Graph 5: Redistribution of wealth from poor to rich


If we know one thing about Osborne it is that whenever he has to make a financial statement, he is likely to introduce policies that increase the wealth of the rich and reduce the wealth of the poor. Inequality is not something that concerns our Chancellor. This graph from the Resolution Foundation shows how the Budget has done just that, giving tax give-aways to the better off while heaping more misery on the poor (who are already facing massive losses in income from Universal Credit).

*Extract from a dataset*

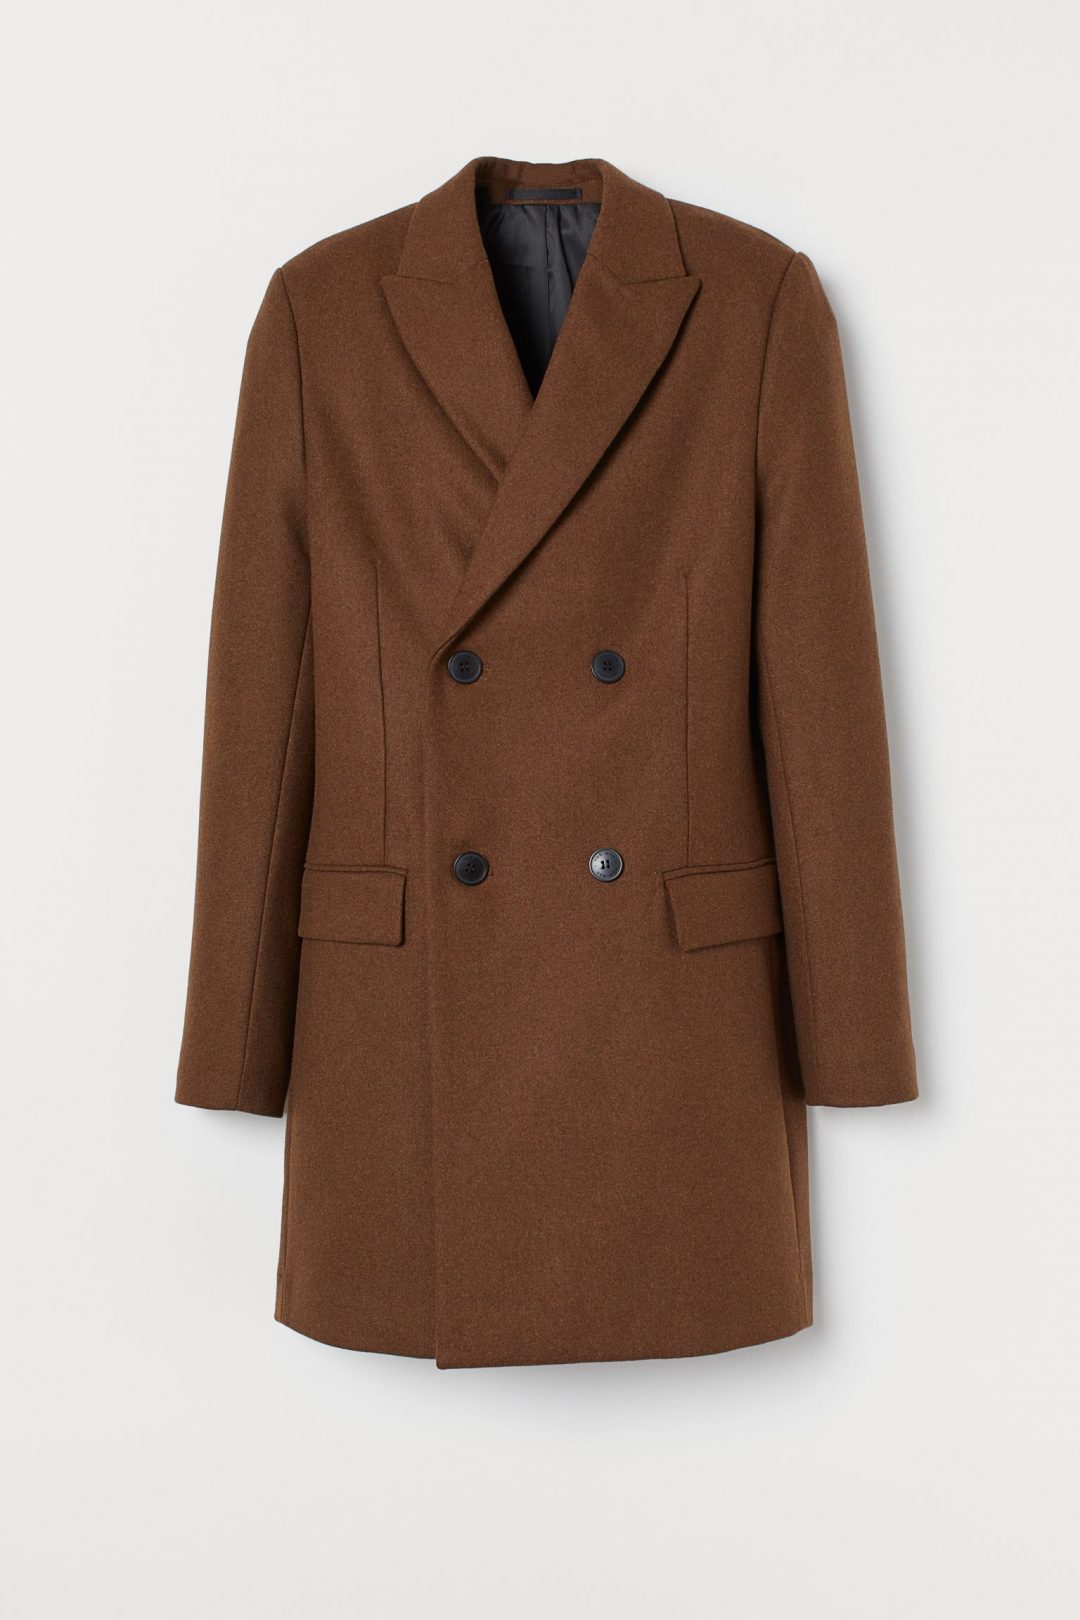 H&M muški kaput zima 2020

It is hard to find an economist anywhere who does not now acknowledge that inequality is a major driver of vulnerability and insecurity in the global economy. The richest tend to put their money into places that have no positive multiplier effects for the wider economy: expensive properties, savings or tax havens. Most of us spend the money we have in the local economy, increasing employment and economic activity. Osborne doesn’t get it, but his commitment to the rich is one of the key reasons he keeps failing to meet his own economic targets.


The approach we need to take in Scotland is contra-Osborne: re-balance the economy towards productive economic development and disincentivise rent-seeking and low productivity economic practises; boost wages, increase industrial democracy and invest in skills and training; exploit cheap borrowing rates to massively increase investment in infrastructure; end austerity and increase public sector employment and wages.

Common Weal published a report earlier this month about how a National Investment Bank could help us do this. We have two more reports on the Scottish economy coming soon on an industrial policy and a public investment strategy which, in combination, will amount to a systematic strategy for an alternative economic approach to Osborne’s proven failures.